● **TRY IT**: For the data that follows, return each line unchanged and drop the pictures.

● **PROVIDED MATERIAL**:
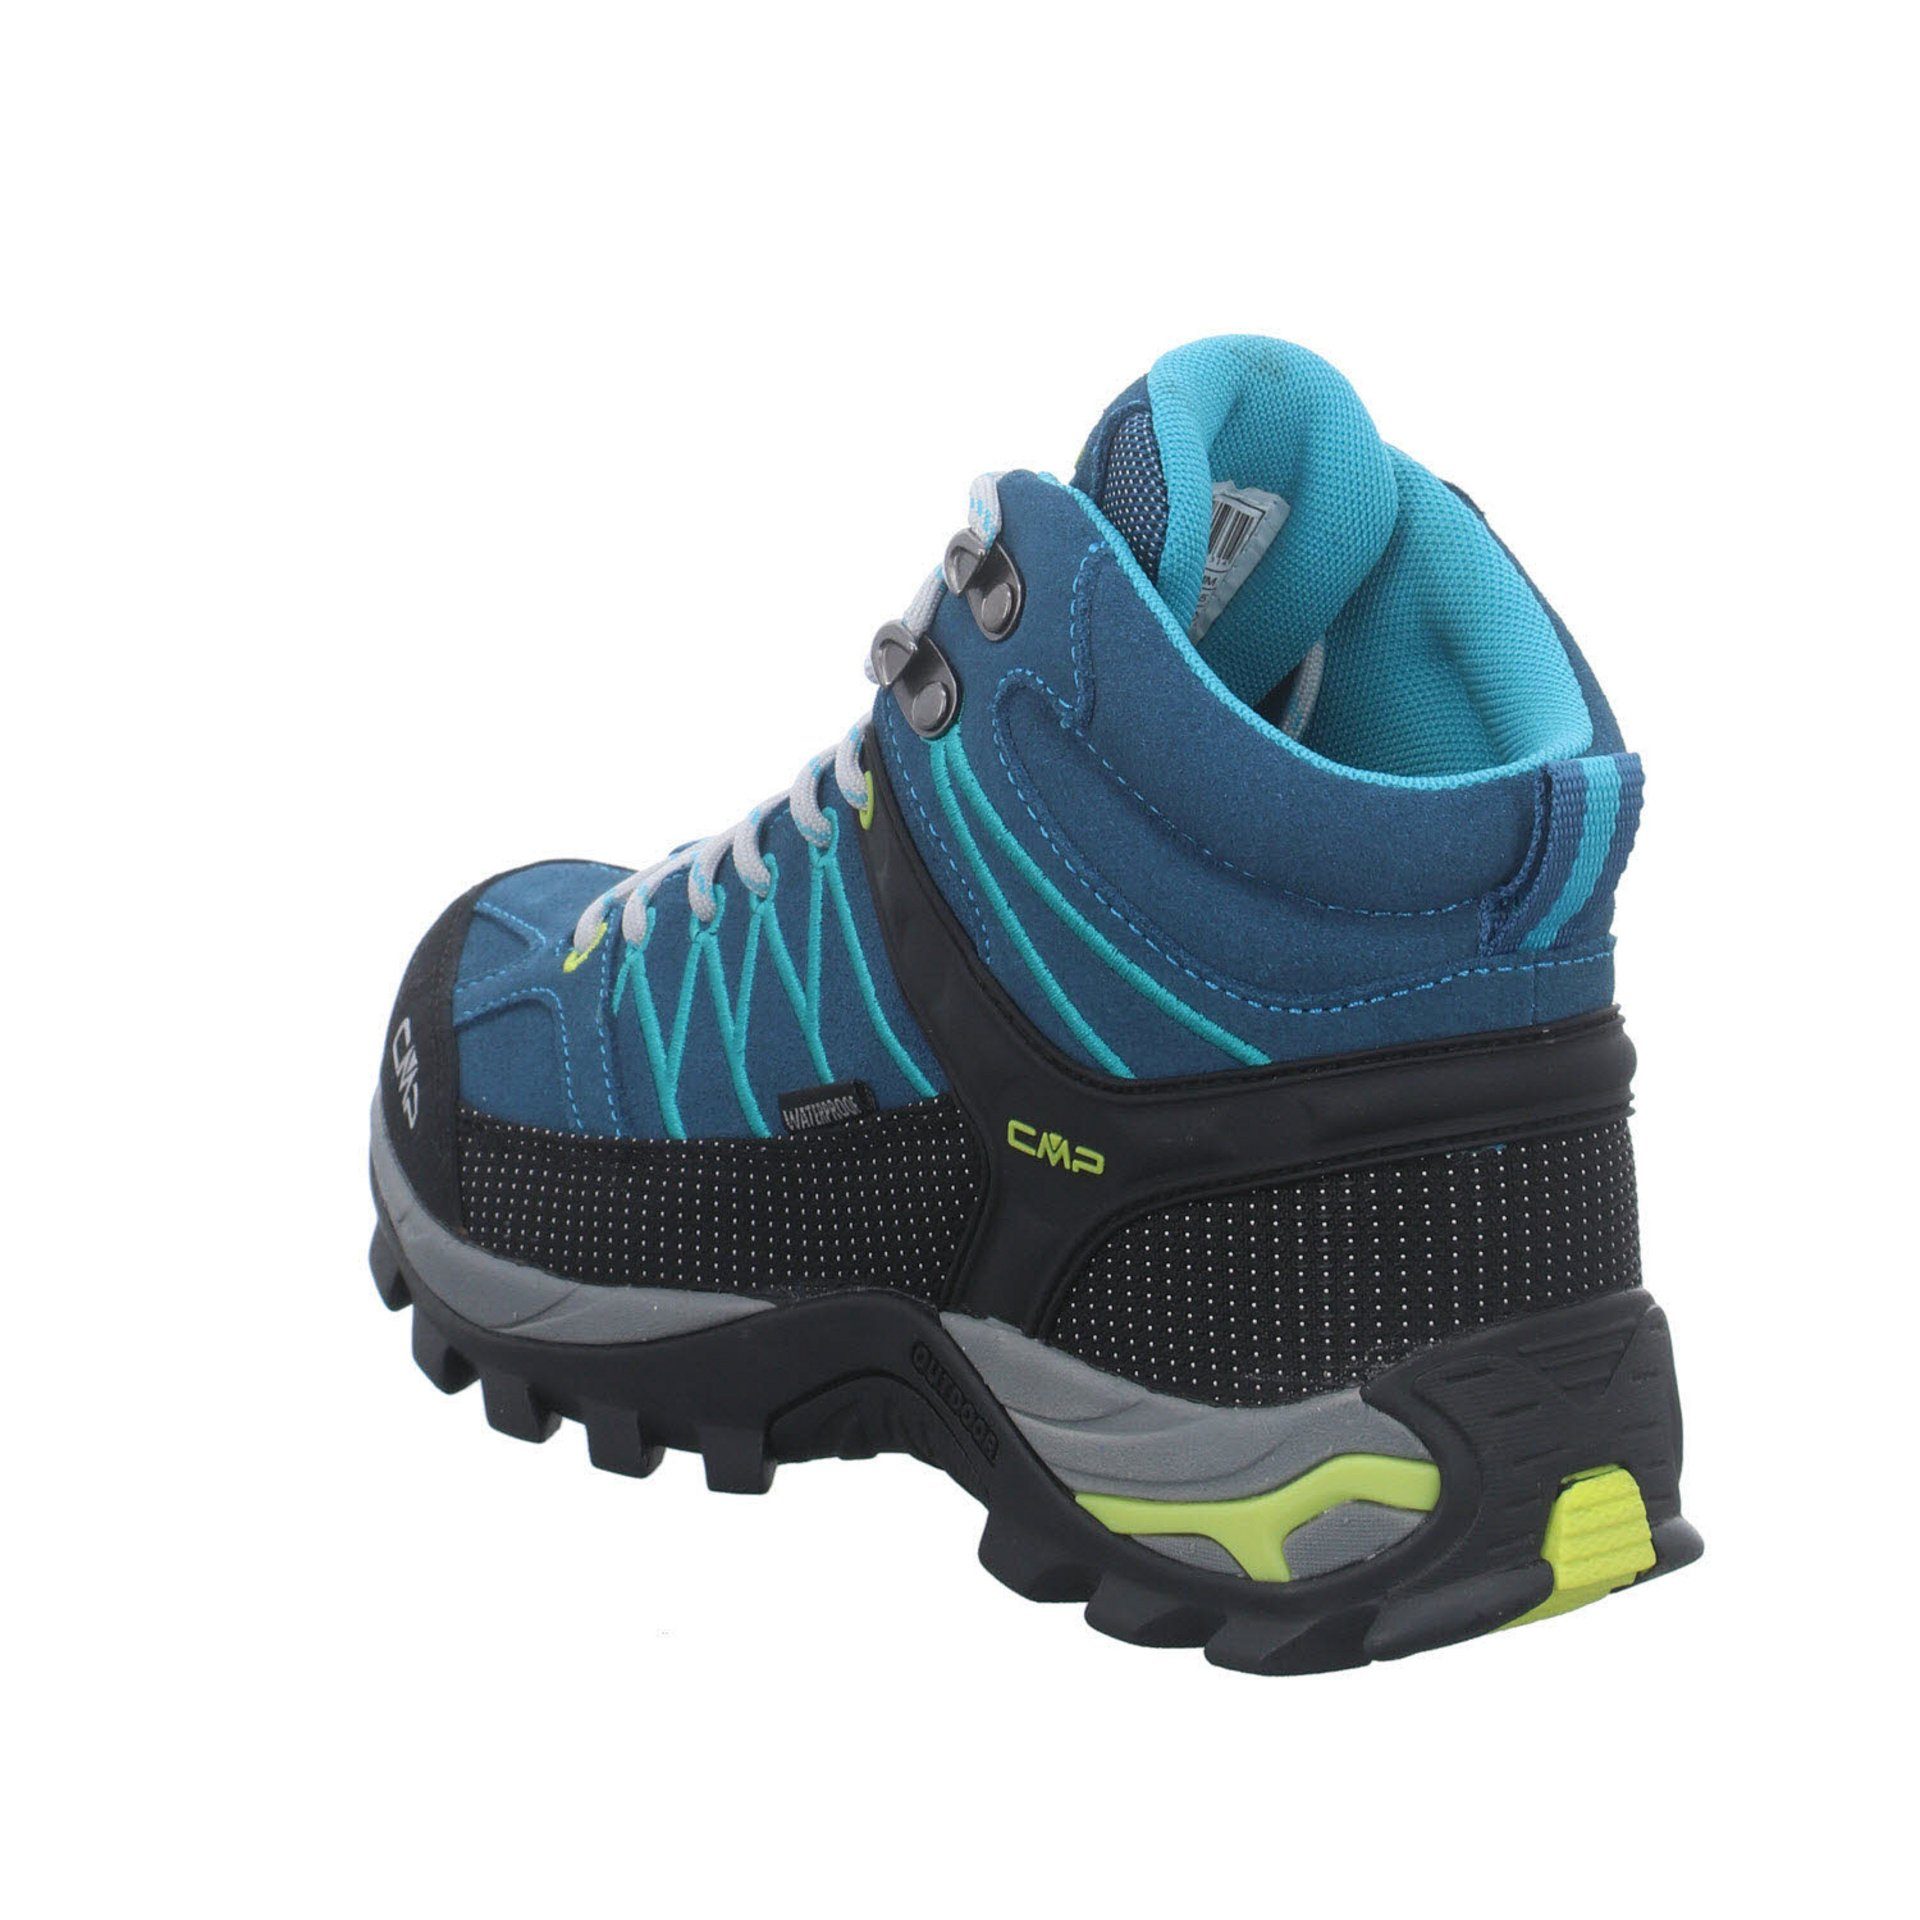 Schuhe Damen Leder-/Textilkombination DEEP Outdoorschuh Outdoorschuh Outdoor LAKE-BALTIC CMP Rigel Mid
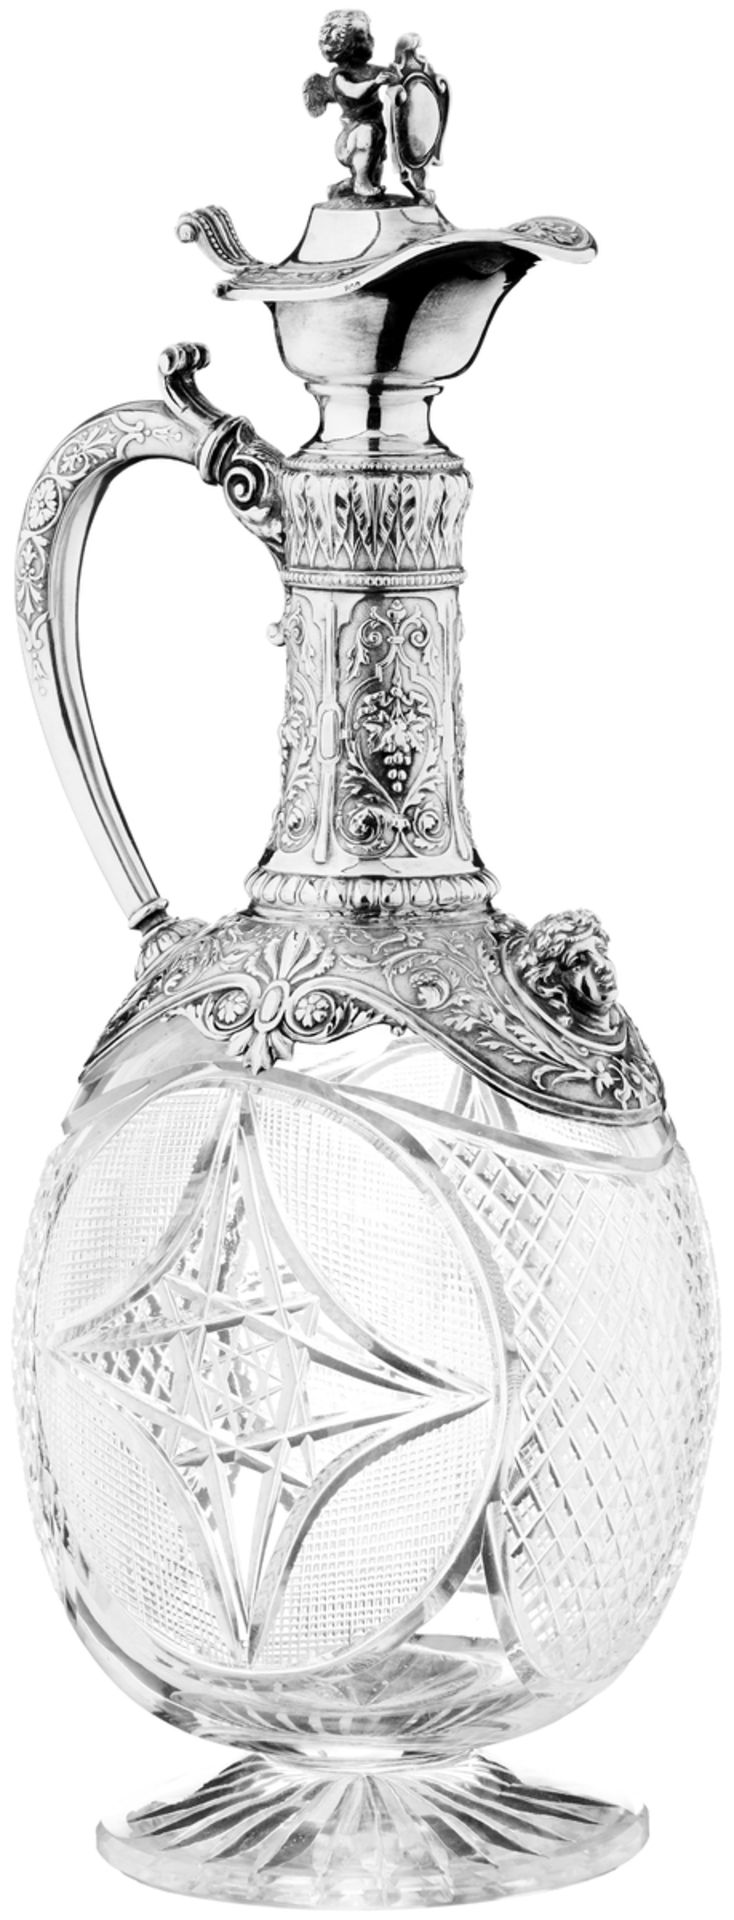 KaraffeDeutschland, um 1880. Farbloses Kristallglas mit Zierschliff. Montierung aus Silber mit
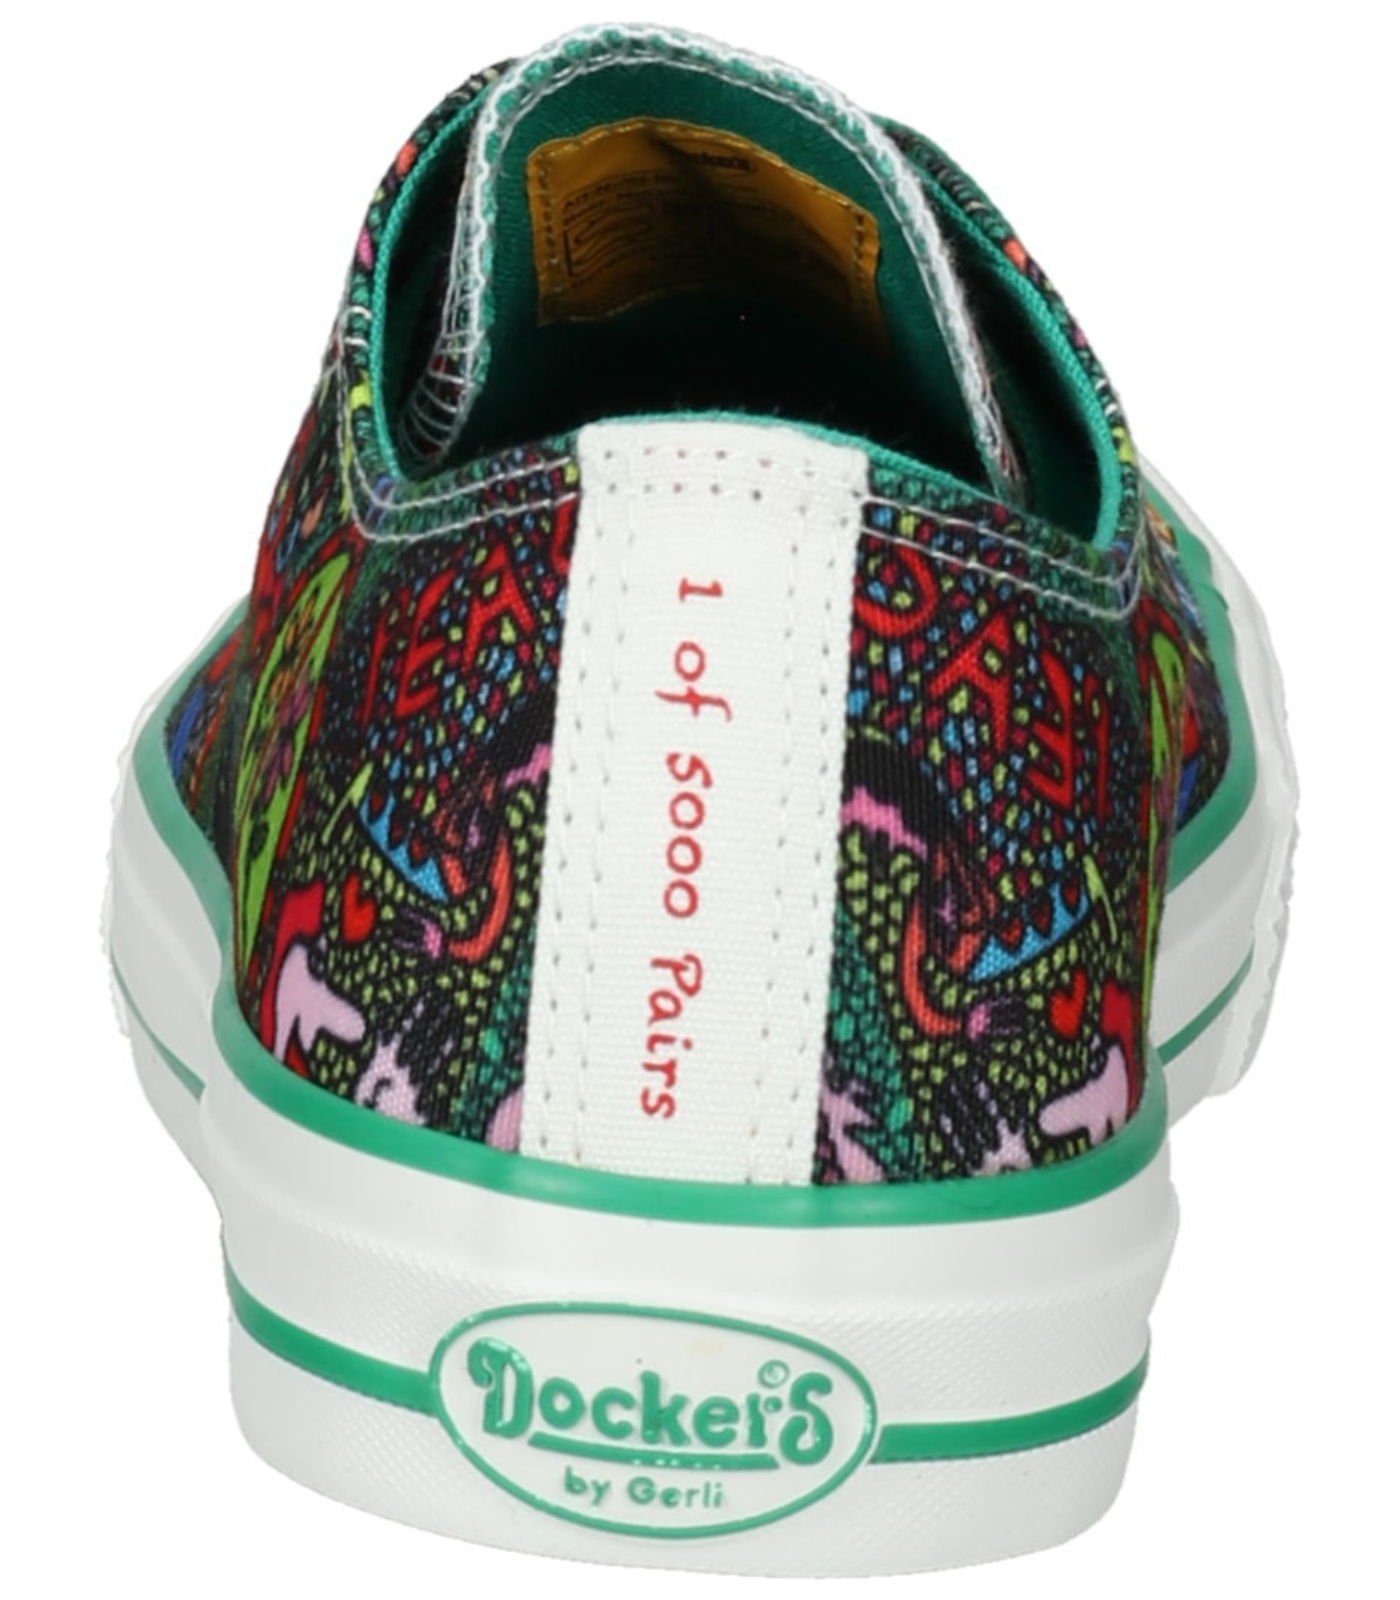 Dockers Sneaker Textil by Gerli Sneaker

● **ANSWER TO THIS TASK**:
 Schuhe Damen Leder-/Textilkombination DEEP Outdoorschuh Outdoorschuh Outdoor LAKE-BALTIC CMP Rigel Mid
 KaraffeDeutschland, um 1880. Farbloses Kristallglas mit Zierschliff. Montierung aus Silber mit
 Dockers Sneaker Textil by Gerli Sneaker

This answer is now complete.